# SWF SWF/B-UK1504-45 Power Issue



## swfowner (Apr 29, 2016)

Hello,

I own a SWF/B-UK1504-45 Embroidery machine. When powering on the green power button no longer seems to work or light up. Also the contactor does not activate. I thought it was a bad contactor, so I replaced that. But it didn't fix the issue. Is it a bad button or possibly the transformer? Any help would be greatly appreciated. Trying to fix it myself. Thanks-Nick


----------



## binki (Jul 16, 2006)

I would start with the power supply in the control box


----------



## swfowner (Apr 29, 2016)

I forgot to mention, if I manually hold in the contactor the machine turns on and works fine. But the second I let it go, the machine turns off.


----------



## twear (May 6, 2009)

Nick give me a call at 573-382-2449 I am a SWF Tech...


----------



## 539162 (Jun 12, 2015)

The problem is there is a open circuit in the machine. There is 3 things to check. First remove the covers near the emergency stop button and make sure one of the 2 wires isn't disconnected. I have seen this multiple times. Second make sure your emergency stop button isn't pushed in. If you remove the side panel where the switch is make sure everything is secure to the switch or all connections to the board are secured tightly. I am pretty sure one of the wires is lose or unhooked at the emergency stop button though.


----------



## swfowner (Apr 29, 2016)

Thanks to everyone that helped.
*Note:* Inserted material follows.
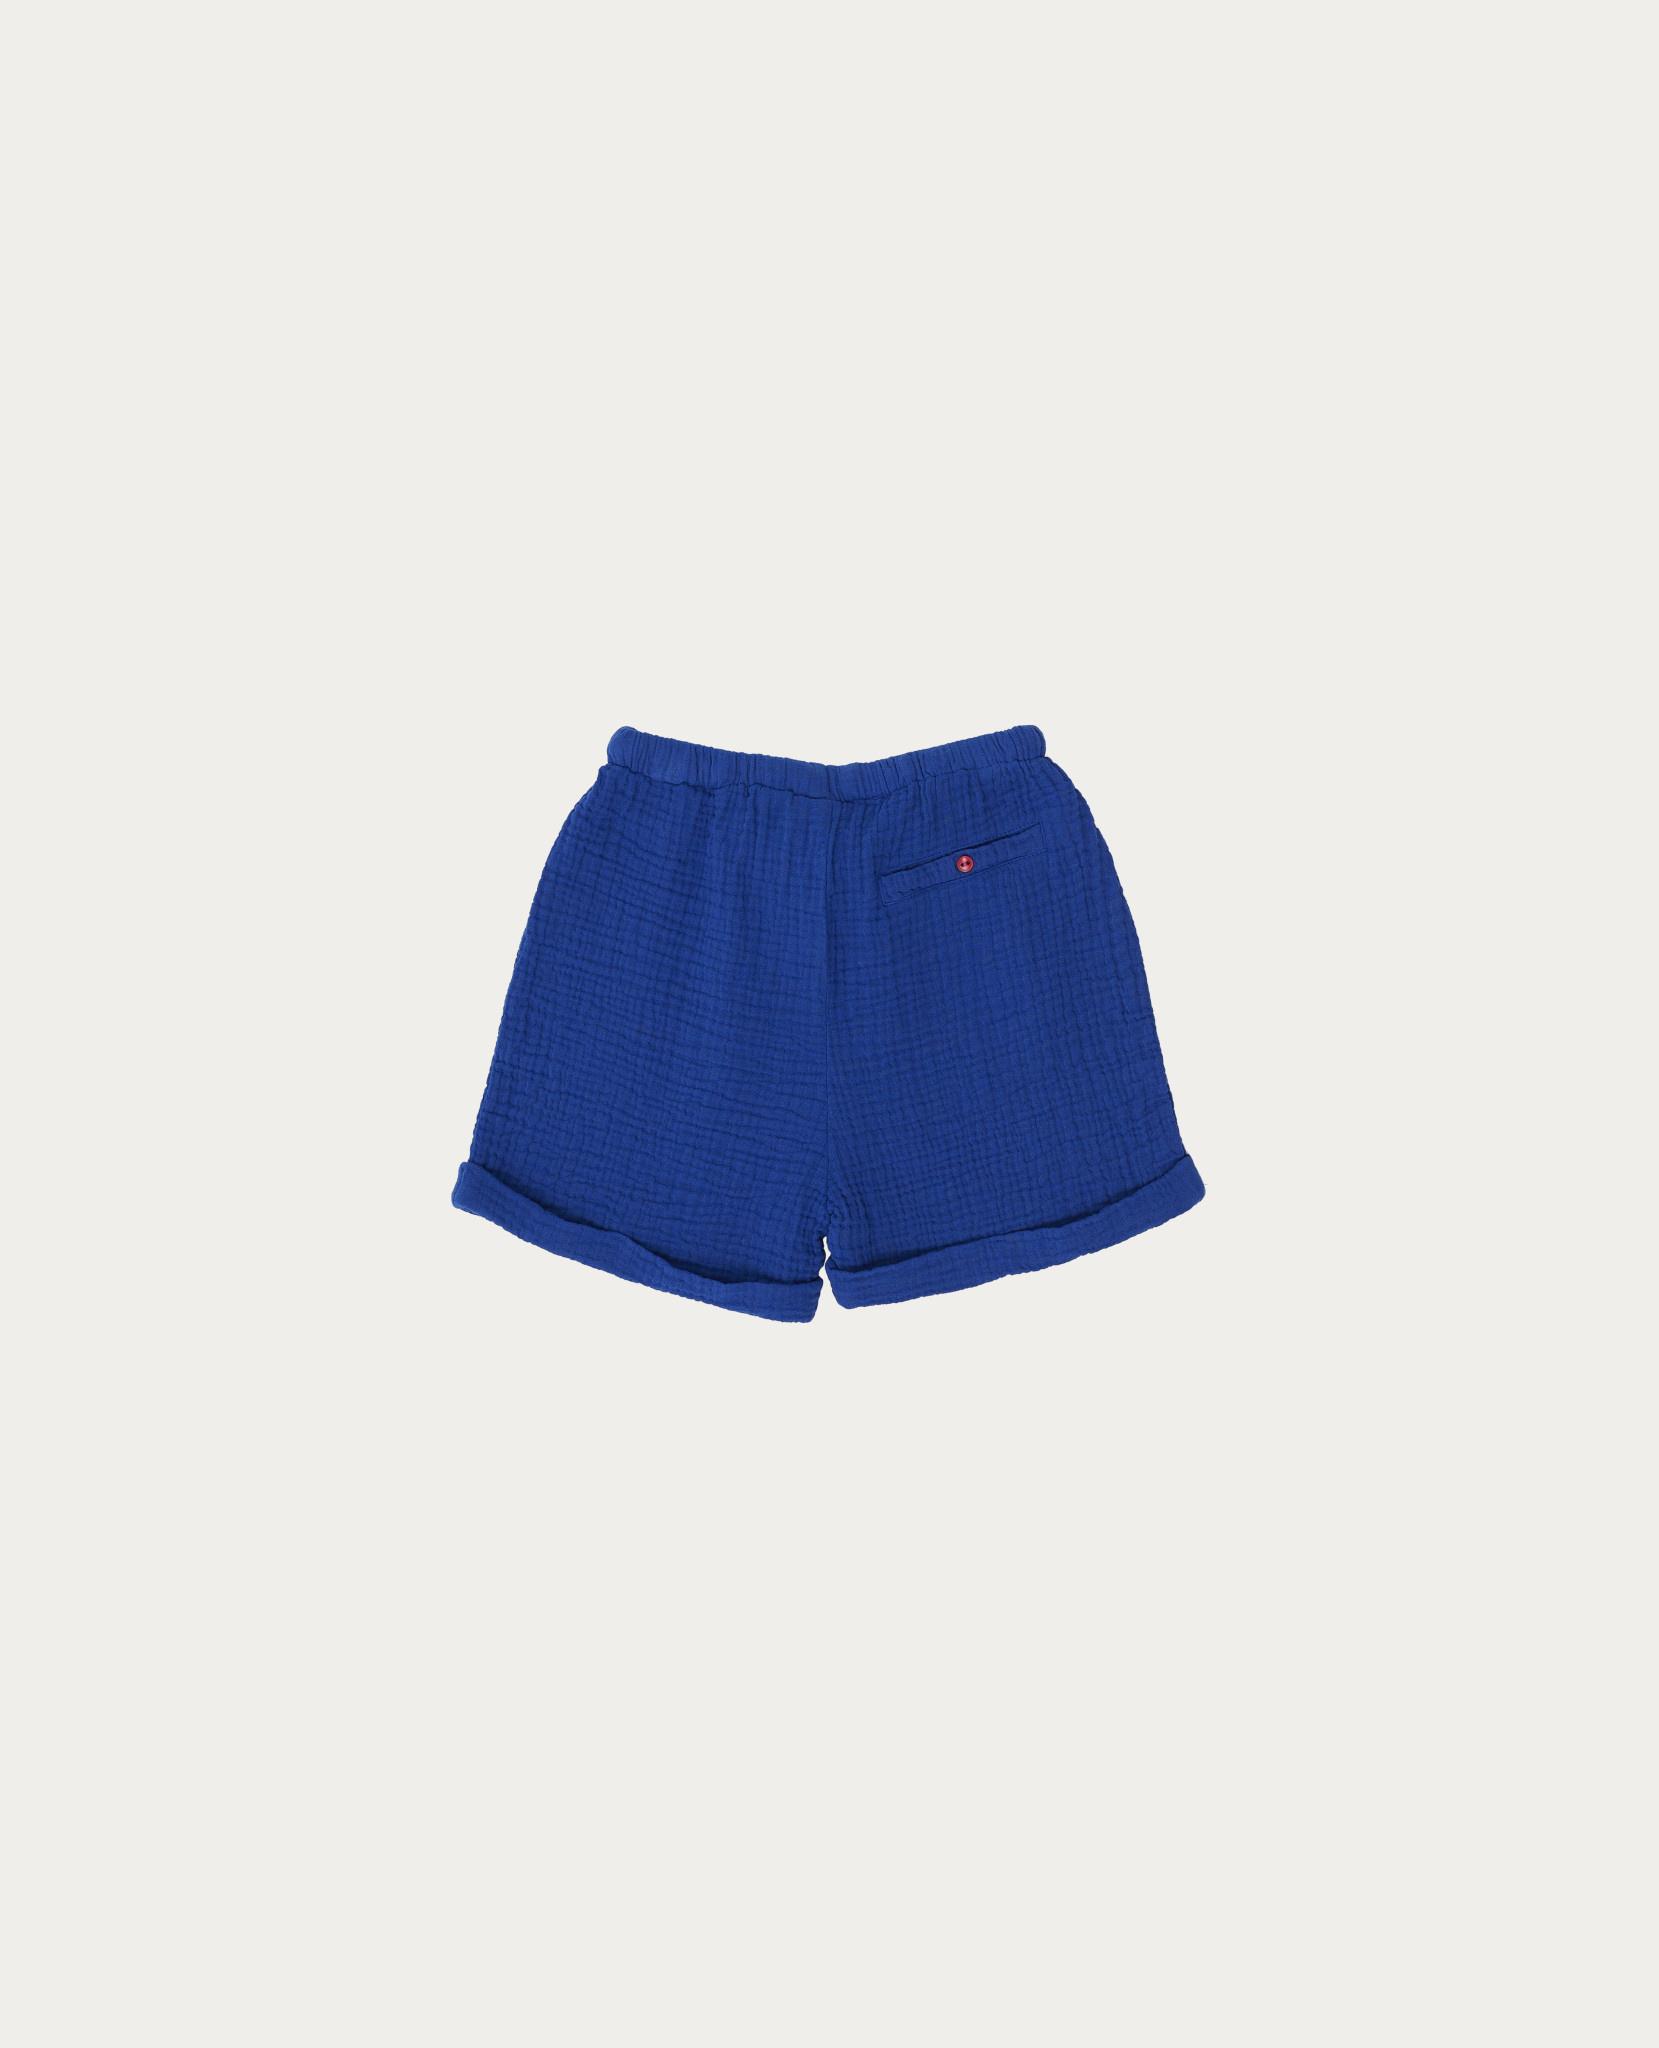 Blue bambula short-1

We figured it out. It was a bad inline resistor going from the contactor to the green button. We replaced it and it works perfect now!


----------



## Andre Breytenbach (Jul 20, 2021)

swfowner said:


> Thanks to everyone that helped. We figured it out. It was a bad inline resistor going from the contactor to the green button. We replaced it and it works perfect now!


Good Day. I am sitting with exactly the same problem. Is it possible for you to send me a photo wear this faulty part is situated. Or explain to me wear I can find it to replace the part.
Kind regards
Andre


----------